§ **The task**:
Could you restate word for word every line from the one containing "Soddisfazione per le" to the end of the data below, pictures excluded?

§ **Data excerpt**:
....................

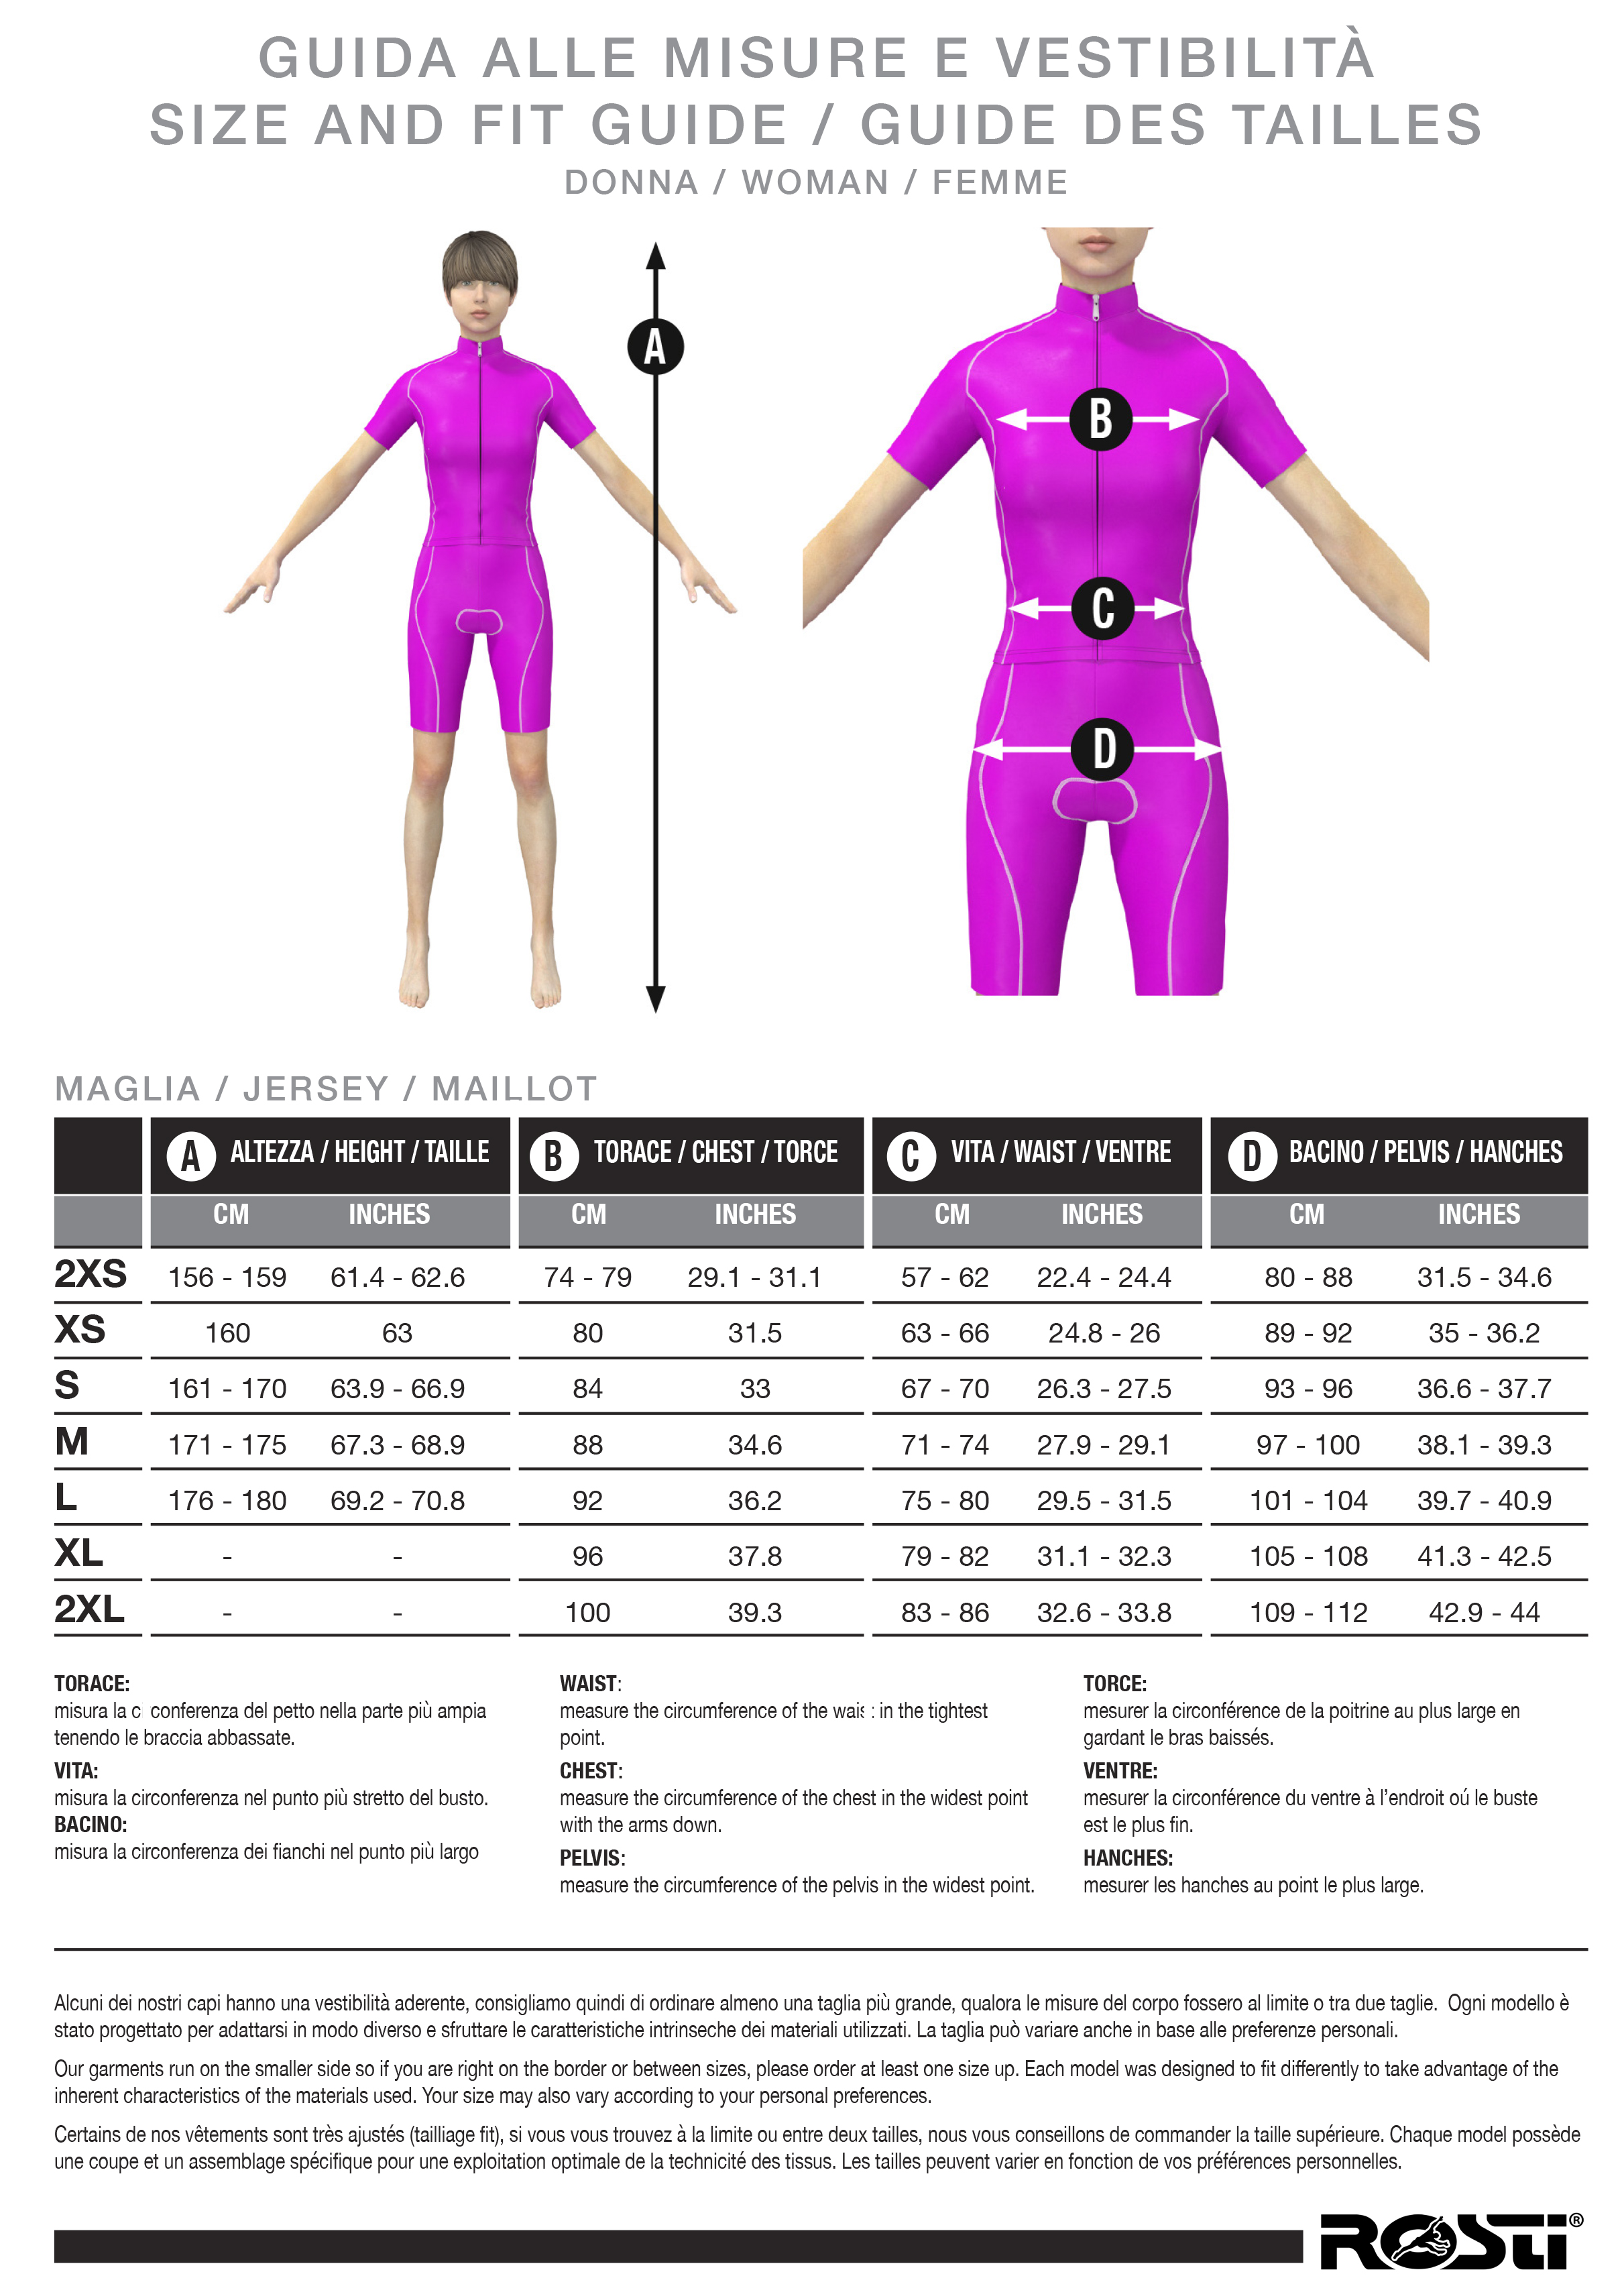 Women's swimsuit size guide
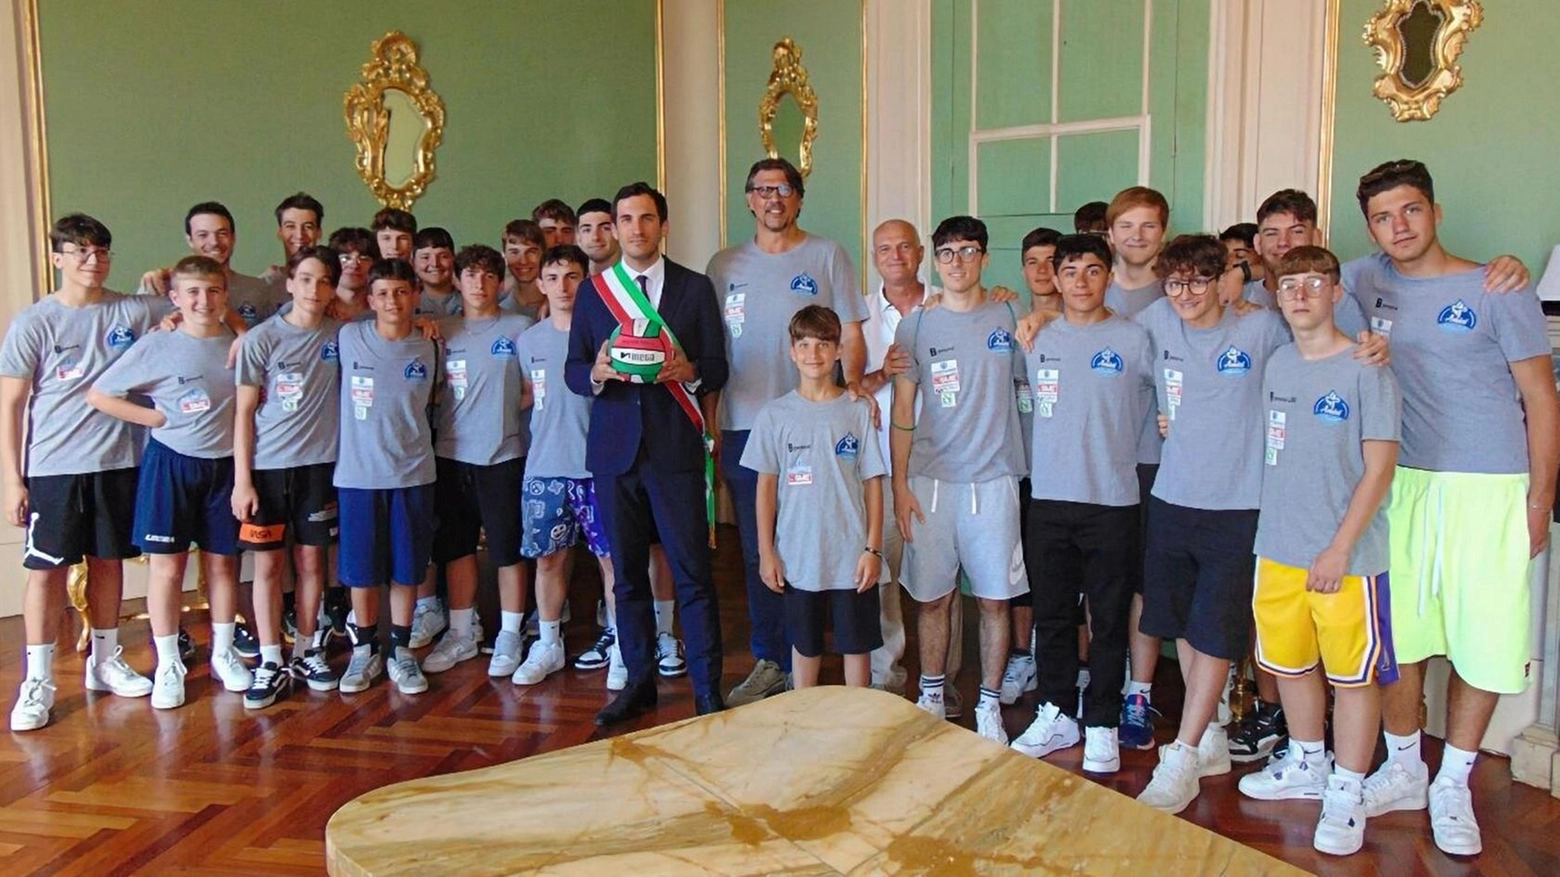 Soddisfazione per le squadre dell’Amici nuoto Romagna. Le congratulazioni del sindaco Lattuca.
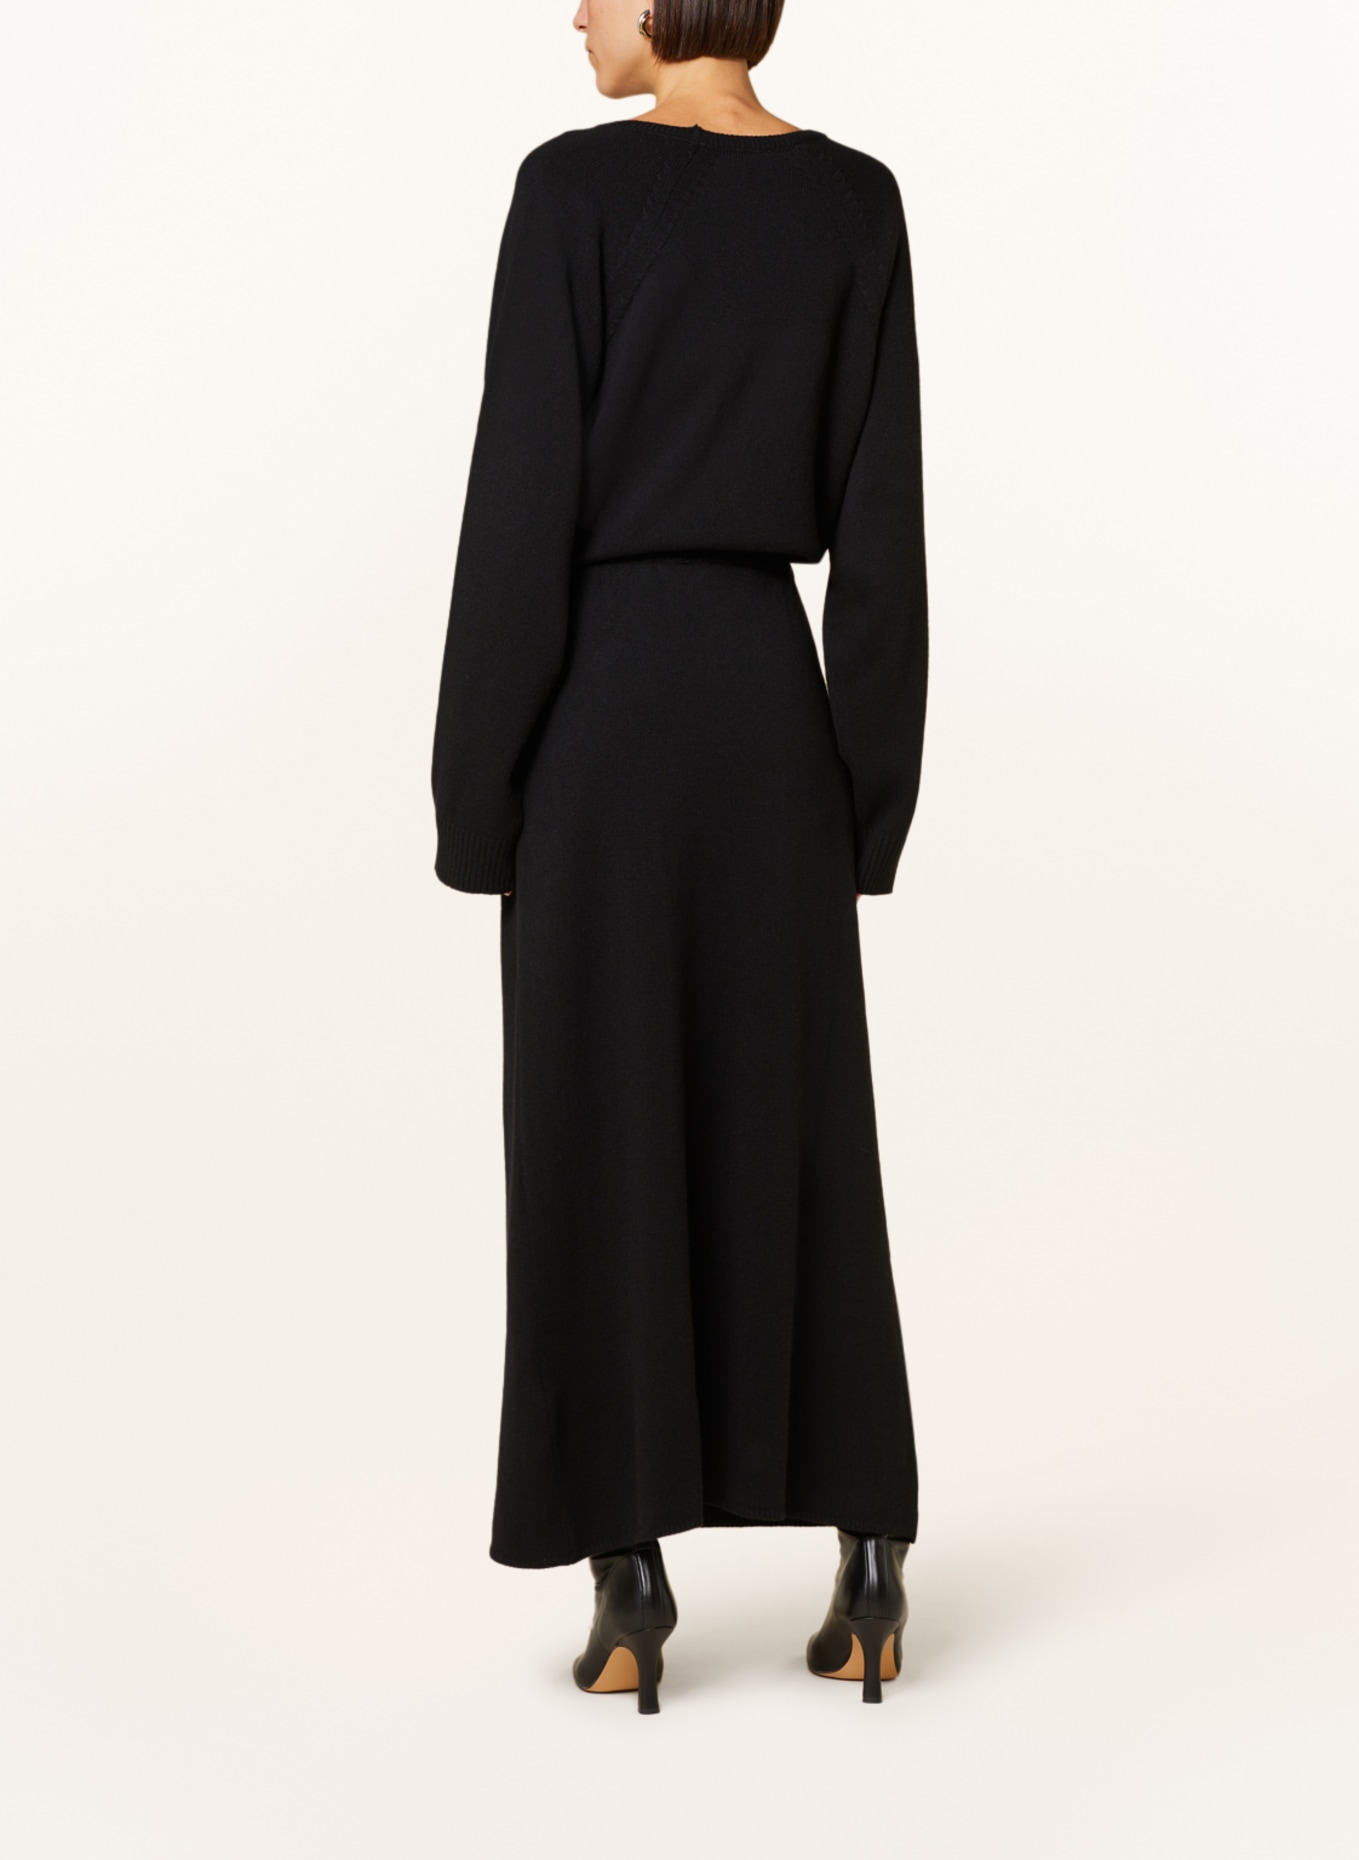 SoSUE Knit skirt, Color: BLACK (Image 3)

....................

§ **Response below**:
 Soddisfazione per le squadre dell’Amici nuoto Romagna. Le congratulazioni del sindaco Lattuca.
 SoSUE Knit skirt, Color: BLACK (Image 3)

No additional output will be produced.